Path to citizenship leads to Paramount Theatre
on August 17, 2011
As a long line of people filed past them down an aisle in the Paramount Theatre, the six members of the Ner family smiled and posed for photographs while holding small American flags. As Romeo Ner snapped away, his adolescent kids—two boys in bright dress shirts and two girls in dresses with floral prints—smiled and waved their flags.
The Ner family emigrated from Manila in 2003 to give the children a better education, Romeo Ner said, and over the past eight years had gone through the long process of becoming a citizen: tourist visa, green card, naturalization application, and finally, a citizenship test. Moments earlier, they had stood with 1,200 other people, and with one hand raised, each had each recited the Pledge of Allegiance and Oath of Allegiance, which must be stated by all immigrants who want to become U.S. citizens. At that moment, they all became citizens of the United States.
“It’s an important milestone for immigrants,” said Romeo Ner, who lives in San Ramon. “We are finally, officially citizens.”
Every three weeks at the Paramount Theatre in downtown Oakland, the U.S. Citizenship and Immigration Services, a division of the Department of Homeland Security, hosts a naturalization ceremony for new citizens. Wednesday’s ceremony was for citizens who had their case heard at the USCIS San Francisco office, which naturalizes about 25,000 people a year, and other offices around Northern California. The Paramount Theatre is the only location in Northern California that holds the naturalization ceremony.
“A lot of people probably felt like it was their lucky day,” said Sharon Rummery, a spokesperson for USCIS. “But the ones who are really lucky are the American people because we folded more people into our family.”
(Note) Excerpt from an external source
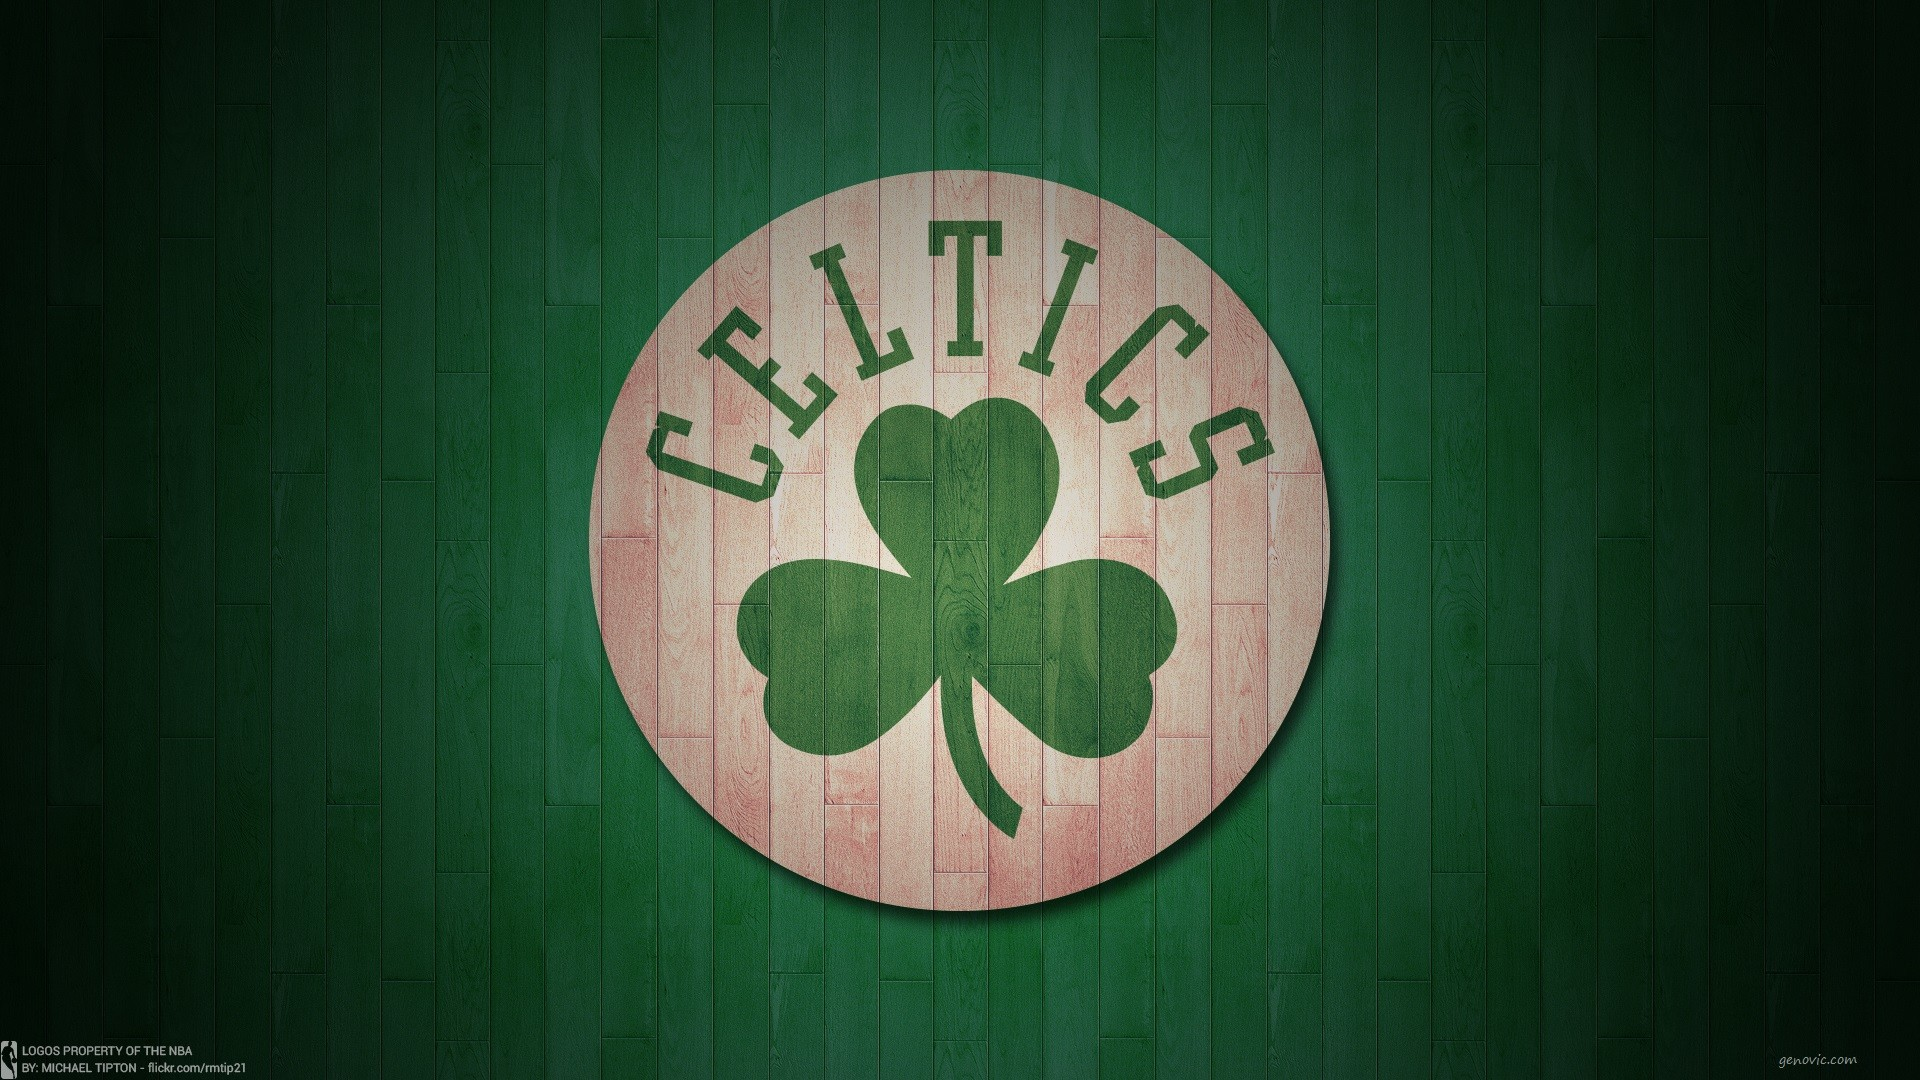 1920x1080 Boston Celtics Wallpapers HD Download 1600×1200 Boston Celtics Wallpaper (47 Wallpapers)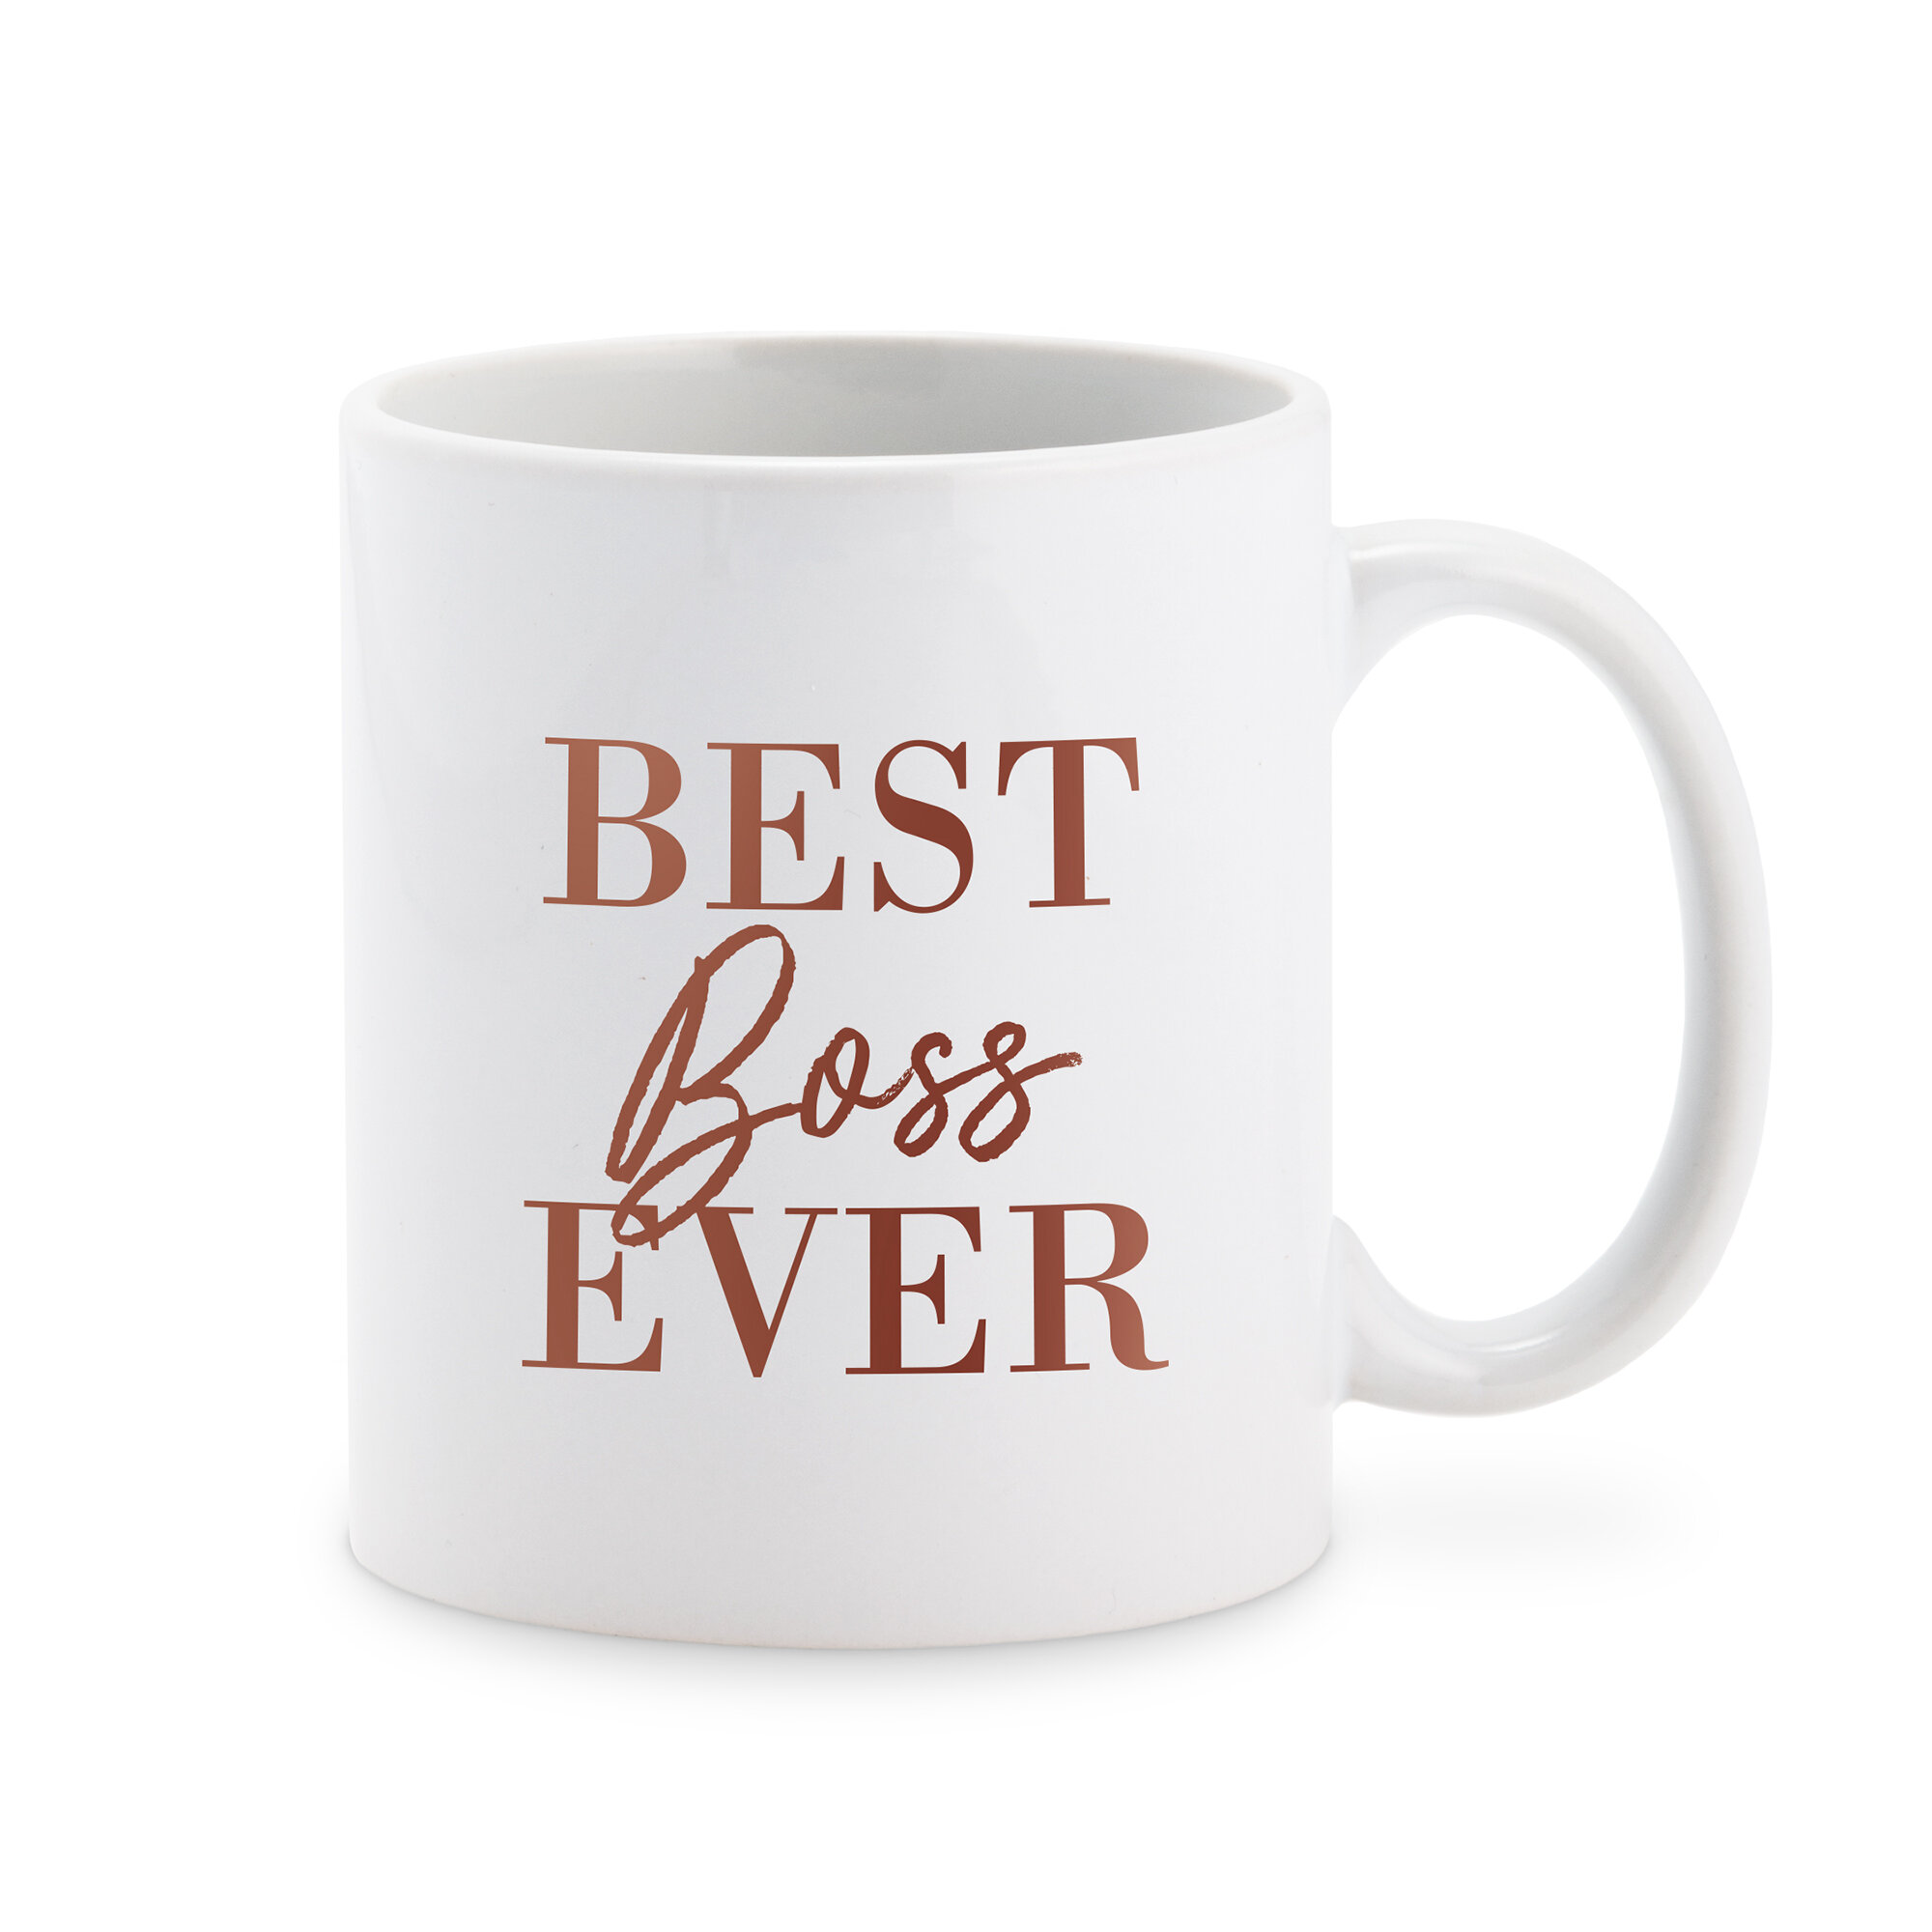 Personalised The Real Boss Coffee Mug

A line running both ways down Broadway Avenue formed in front of the Paramount Theatre hours before the doors opened for the 10 a.m. ceremony. Vendors hawked cases to protect certificates and passports, and there were tables set up inside and in front of the theater where people could register to vote. After entering the theater, the new citizens were assigned a seat downstairs and given a program as well as pocket versions of the Constitution and Declaration of Independence, while friends and family were led upstairs to the balcony.
The new citizens originally hailed from 109 countries, and ranged in age from young children to senior citizens. Families sat together holding hands and some new citizens wiped away tears during the ceremony.
The ceremony started with a film that showed scenes from the American landscape, like the Statue of Liberty and Mount Rushmore. The new citizens were asked to stand when their country of origin was announced, and everyone, after all of the nations were called out, raised their right hand to recite the pledge and the oath. “You are now citizens of the United States of America,” a USCIS officer announced from the stage and was promptly drowned out by applause.
After the ceremony, representatives from USCIS walked around the theater distributing Naturalization Certificates, which proves that the people naturalized today are now U.S. citizens. “One hundred and nine countries walked through the door, and one walked out,” Rummery said.
In the theater lobby afterward, Siriluck Mawhinney posed for photos as her husband, Alex Mawhinney, knelt on the floor taking pictures. Siriluck Mawhinney is from Thailand and has been waiting for nearly six years to be a citizen since marrying her husband, who was already a citizen.
“It really just reminds you how important citizenship is,” Alex Mawhinney said of the ceremony. “When it comes down to it, we’re a nation of immigrants, it’s what this country was founded on. It was kind of nice to be a part of that.”
For Siriluck, becoming a citizen means both the little things—like she and her husband can now wait in the same customs line when entering a country—and larger ones, as she can now apply for family members in Thailand to move to the U.S. and start on their path to citizenship. While Siriluck said the process moved relatively quickly for her, she knows it can be arduous; sitting next to her during the ceremony was a man from Jordan who had been waiting 15 years to become a citizen, she said.
For now, though, the Mawhinneys said they planned to celebrate by having breakfast somewhere in downtown Oakland before heading back to San Francisco where they live.
“He’s been helping me [become a citizen] for six years, until today,” Siriluck said, indicating her husband.
“And now you’re a citizen!” he replied, his face breaking into a big smile.